Magnetic Resonance Imaging (MRI) is a highly demanded medical imaging system due to high resolution, large volumetric coverage, and ability to capture the dynamic and functional information of body organs e.g. cardiac MRI is employed to assess cardiac structure and evaluate blood flow dynamics through the cardiac valves. Long scan time is the main drawback of MRI, which makes it difficult for the patients to remain still during the scanning process.

Objective

By collecting fewer measurements, MRI scan time can be shortened, but this undersampling causes aliasing artifacts in the reconstructed images.

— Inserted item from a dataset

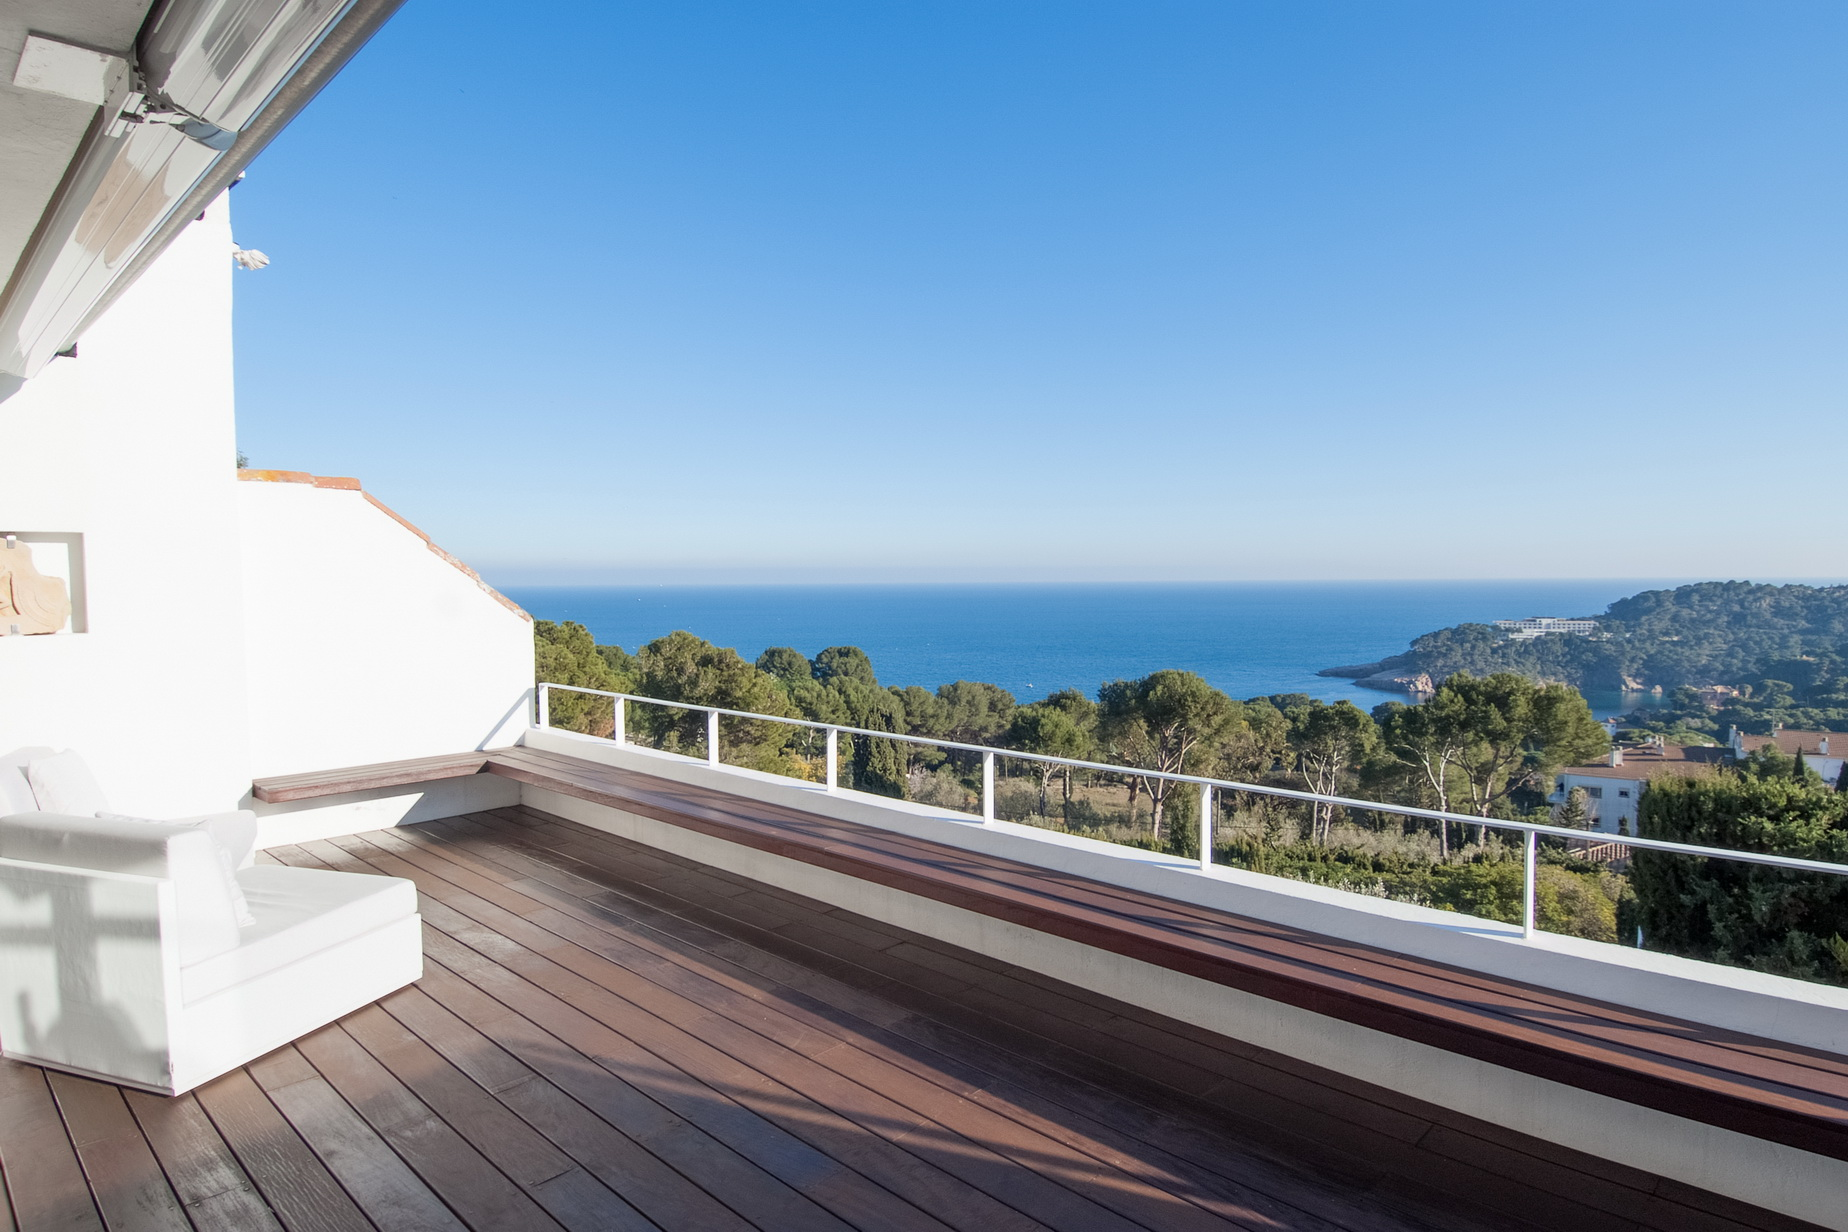 Apartamento para Venda às Exquisite apartment with sea views in Aiguablava Begur, Costa Brava, 17255 Espanha

Advanced image reconstruction algorithms have been used in literature to overcome these undersampling artifacts. These algorithms are computationally expensive and require a long time for reconstruction which makes them infeasible for real-time clinical applications e.g. cardiac MRI. However, exploiting the inherent parallelism in these algorithms can help to reduce their computation time.

Methods

Low-rank plus sparse (L+S) matrix decomposition model is a technique used in literature to reconstruct the highly undersampled dynamic MRI (dMRI) data at the expense of long reconstruction time. In this paper, Compressed Singular Value Decomposition (cSVD) model is used in L+S decomposition model (instead of conventional SVD) to reduce the reconstruction time. The results provide improved quality of the reconstructed images. Furthermore, it has been observed that cSVD and other parts of the L+S model possess highly parallel operations; therefore, a customized GPU based parallel architecture of the modified L+S model has been presented to further reduce the reconstruction time.

Results

Four cardiac MRI datasets (three different cardiac perfusion acquired from different patients and one cardiac cine data), each with different acceleration factors of 2, 6 and 8 are used for experiments in this paper. Experimental results demonstrate that using the proposed parallel architecture for the reconstruction of cardiac perfusion data provides a speed-up factor up to 19.15× (with memory latency) and 70.55× (without memory latency) in comparison to the conventional CPU reconstruction with no compromise on image quality.

Conclusion

The proposed method is well-suited for real-time clinical applications, offering a substantial reduction in reconstruction time.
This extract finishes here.